Traditional Dream Factory - Abela, Portugal
= "web3-powered regenerative village" in Abela, Portugal
URL = https://www.traditionaldreamfactory.com/
Description
"A burgeoning web3-powered regenerative village, shepherded by an inclusive and indomitable community fighting for better. Shared between 80-100 villagers, members will co-live purposefully in tune with the earth’s cycles, co-create in a space that will help them foster their own dreams, and empower them to drive positive change, together.
We may be dreamers and futurists, but our dreams are rooted in realism. A new life of regeneration and co-living is waiting, and it starts at TDF in Abela.
In 2020, we set our sights on a small, arid plot of land in the village of Abela, Portugal. Home to an old poultry farm, the land is surrounded by beautiful hills and valleys, protected oak trees, a flowing river, an earth-built farmhouse, and the old community mill.
This poultry farm is our playground for change. The ground is ready to be relearned, rewilded and reincarnated into a brighter, abundant future."
(https://www.traditionaldreamfactory.com/)
Status
2025
Samuel Delesque:
"In practical terms, the key indicator of success for TDF is how much of the water can we retain for long enough for the land to drink it.
In 2025, our social and economic progress was great. But the thing that got me most excited is that not only were we able to keep our trees alive and thriving.. ahem. Let me take that back for a brief moment. Our jungle hedges suffered. It was another record summer, and our land team had planned a flood irrigation system for the jungle hedge. Given how qualified this team was I gave them full trust. The problem was that all they knew of TDF was muddy, drenched land. How could they imagine what it looks like after 6 months of no rain? Our human brains are just not geared well to imagine radically shifting baselines. Just like it is impossible to fathom for us what a world with 20x more fauna and flora would look like - because this world has been lost over many generations of humans. Yes we’ve lost 95% of life over the past millennia. What used to be wild, is now pasture, animal farms, and concrete jungles. 95% of the mass of animals on earth are humans and their food farms.

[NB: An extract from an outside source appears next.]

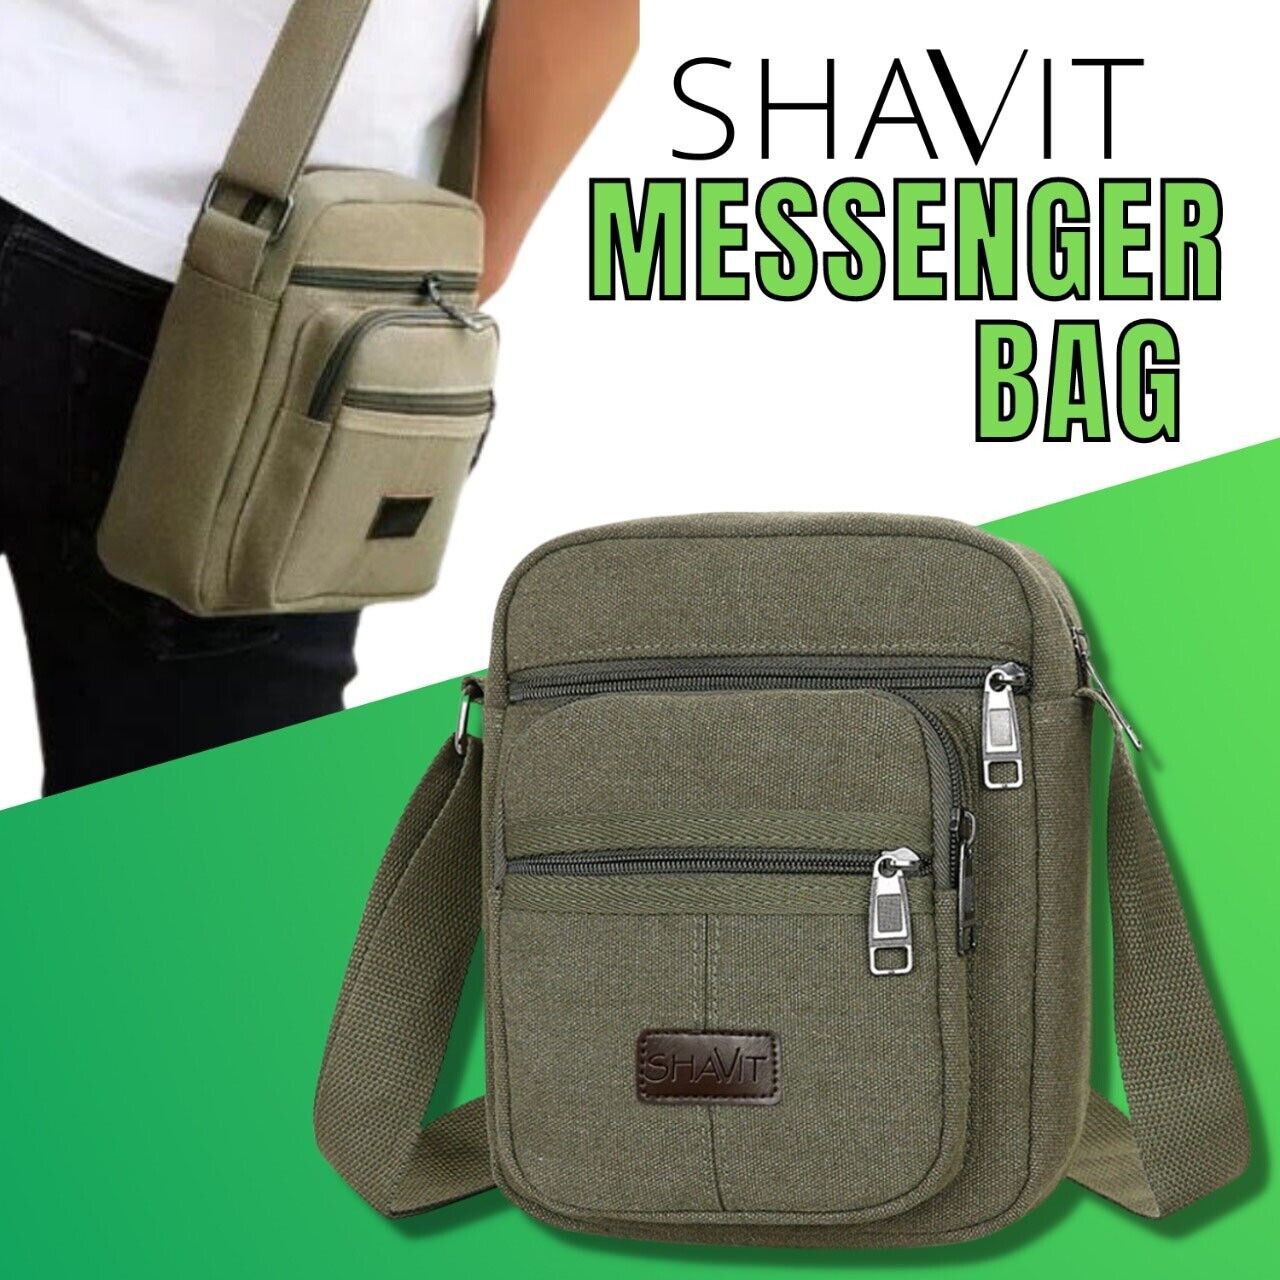 Messenger Bag Shoulder Bag Crossbody Canvas Bags Casual Satchel Vintage Bag Modern Lifestyle Shopping

So, our jungle hedges suffered a bit, but nothing dramatic and we’ve managed to correct it. In the meantime all our forests entered an accelerated growth curve. Our spiral garden which was planted in 2024 exploded. The Australian pines planted into 3m of topsoil from earthworks around the lake grew to >5m in one year. The 1.2 million liters of rain we harvested got used for irrigation. We emptied our 500m3 pool into our forest. By late August we had not yet touched our groundwater - no borehole, no well. The result? Where the water table in our wells was 20m below the ground in the previous years - in 2025 it sat at just 3m below the ground! That might not sound so impressive, but now imagine you are a thirsty tree. It hasn’t rained in over 5 months. Your roots have been finding their way into the earth for several years and found cracks through the rocks now letting you find some moisture 2m below the ground. For you this isn’t just a nice metric, it’s survival (and that’s without humans drip feeding you).
In the fall of 25, we continued tending to our forests and replanting every dead tree. We introduced a few more micro forest areas: a berry/chestnut garden under our lake, prepared more banana planting holes, prepared soil for our vineyard, planted more of our swales etc. We built more accommodations for more people to live here comfortably. We upgraded our coworking and cafe building - and hosted our first markets there bringing not just TDF but all of Abela together. We finally built our mushroom farm - another element of resilience, and another hard build story. We lost our lead builder in the process. When we covered it in soil to make a green roof, parts of the foundations sunk and the walls caved in. But we will finish it soon nonetheless. We dug another 4 micro ponds, increasing our water holding capacity to 1.5 million litres. We upgraded our water infrastructure even further so we can seamlessly harvest as much rainwater as desired (seemingly as we have been having constant streams of water over the winter)."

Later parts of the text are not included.